First contact: Understanding the relationship between hominoid incisor curvature and diet

Abstract

Accurately interpreting fossil primate dietary behaviour is necessary to fully understand a species' ecology and connection to its environment. Traditional methods developed to infer diet from hominoid teeth successfully group taxa into broad dietary categories (i.e., folivore, frugivore) but often fail to represent the range of dietary variability characteristic of living apes. This oversimplification is not only a consequence of poor resolution, but may also reflect the use of similar fallback resources by closely related taxa with dissimilar diets. This study demonstrates that additional dietary specificity can be achieved using a morphometric approach to hominoid incisor curvature.

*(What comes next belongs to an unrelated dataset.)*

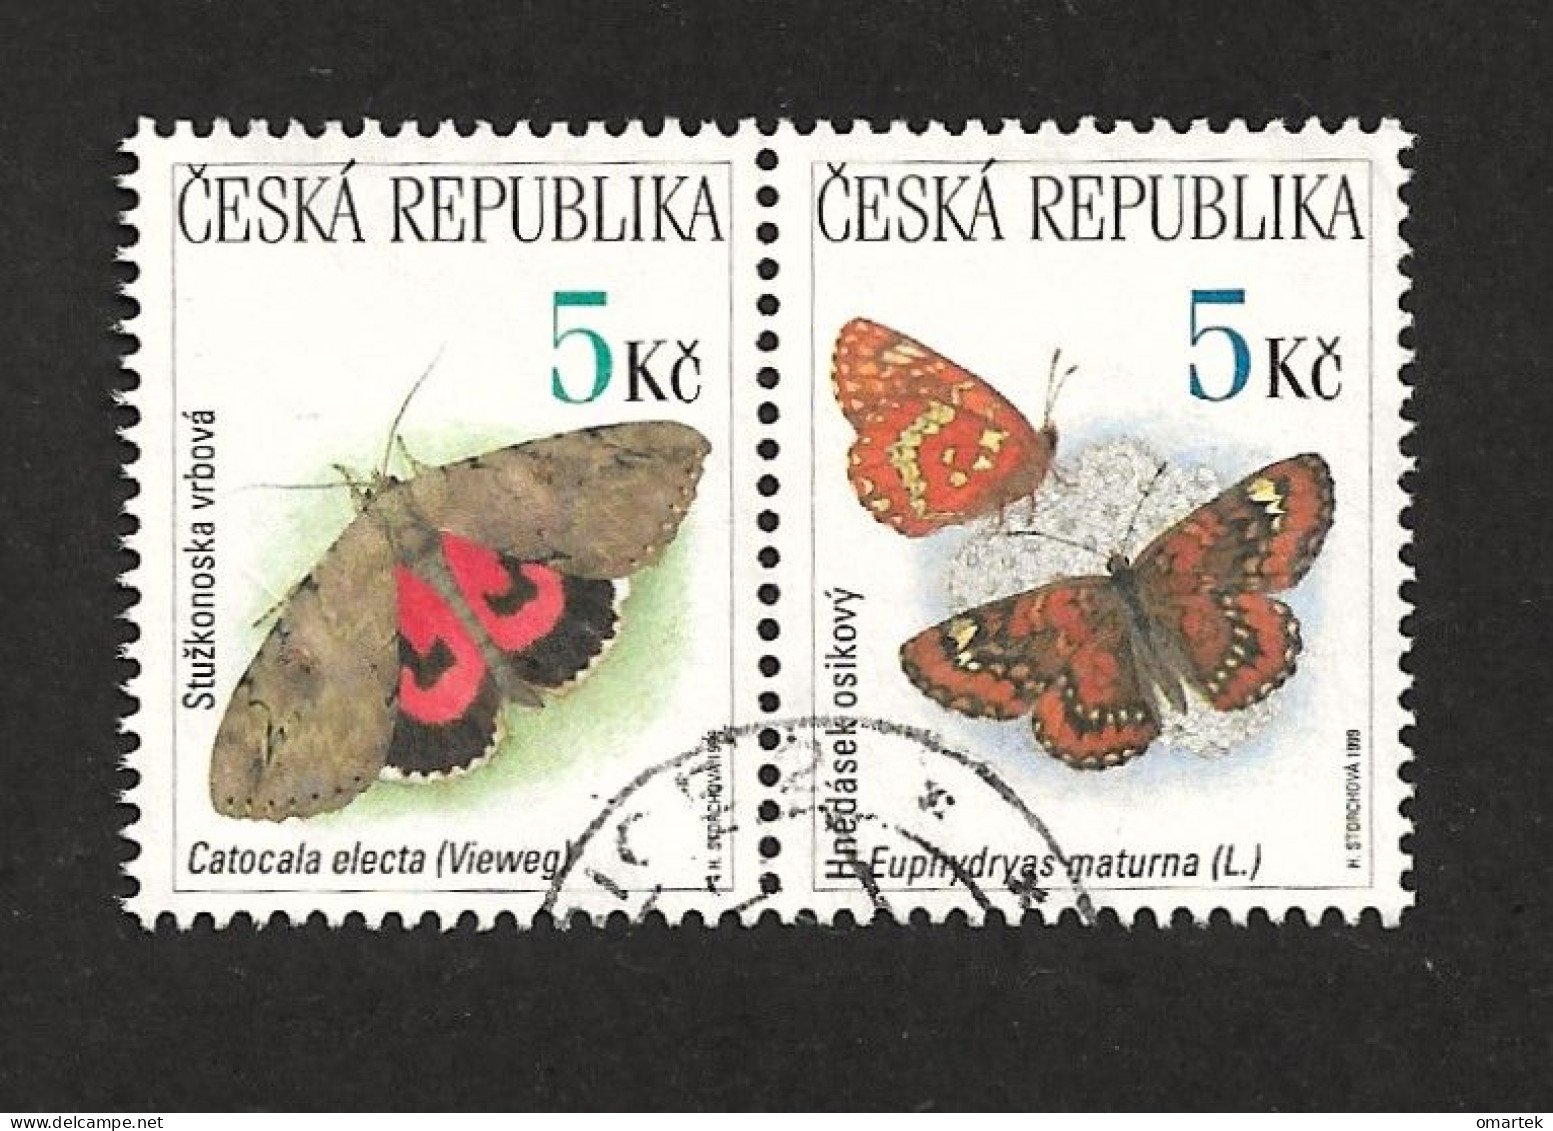 Czech Republic 1999 ⊙ Mi 209, 210 Sc 3083, 3084 Butterflies, Schmetterling. Tschechische Republik - Oblitérés

High-resolution polynomial curve fitting (HR-PCF) was used to quantify the incisor curvatures of closely related hominoid taxa that have dissimilar diets but similar morphological adaptations to specific keystone resources (e.g., Gorilla gorilla beringei vs. G. g. gorilla). Given the key role of incisors in food processing, it is reasonable to assume that these teeth will be at least partially influenced by the unique selective pressures imposed by the mechanical loading specific to individual diets. Results from this study identify a strong correlation between hominoid dietary proportions and incisor linear dimensions and curvature, indicating that more pronounced incisor curvature is positively correlated with higher levels of frugivory. Hard-object frugivores have the greatest mesiodistal and cervico-incisal curvature and dedicated folivores have the least curved incisors. Mixed folivore/frugivores are morphological intermediates between dedicated folivores and hard- and soft-object frugivores. Mesiodistal curvature varied only in the degree of curvature; however, cervico-incisal curvature was shown to differ qualitatively between more frugivorous and more folivorous taxa. In addition to identifying a greater range of dietary variability among hominoids, this study also demonstrates that HR-PCF is capable of identifying morphological distinctions between closely related taxa with overlapping diets that rely on similar fallback foods (e.g., Pan paniscus vs. P. troglodytes).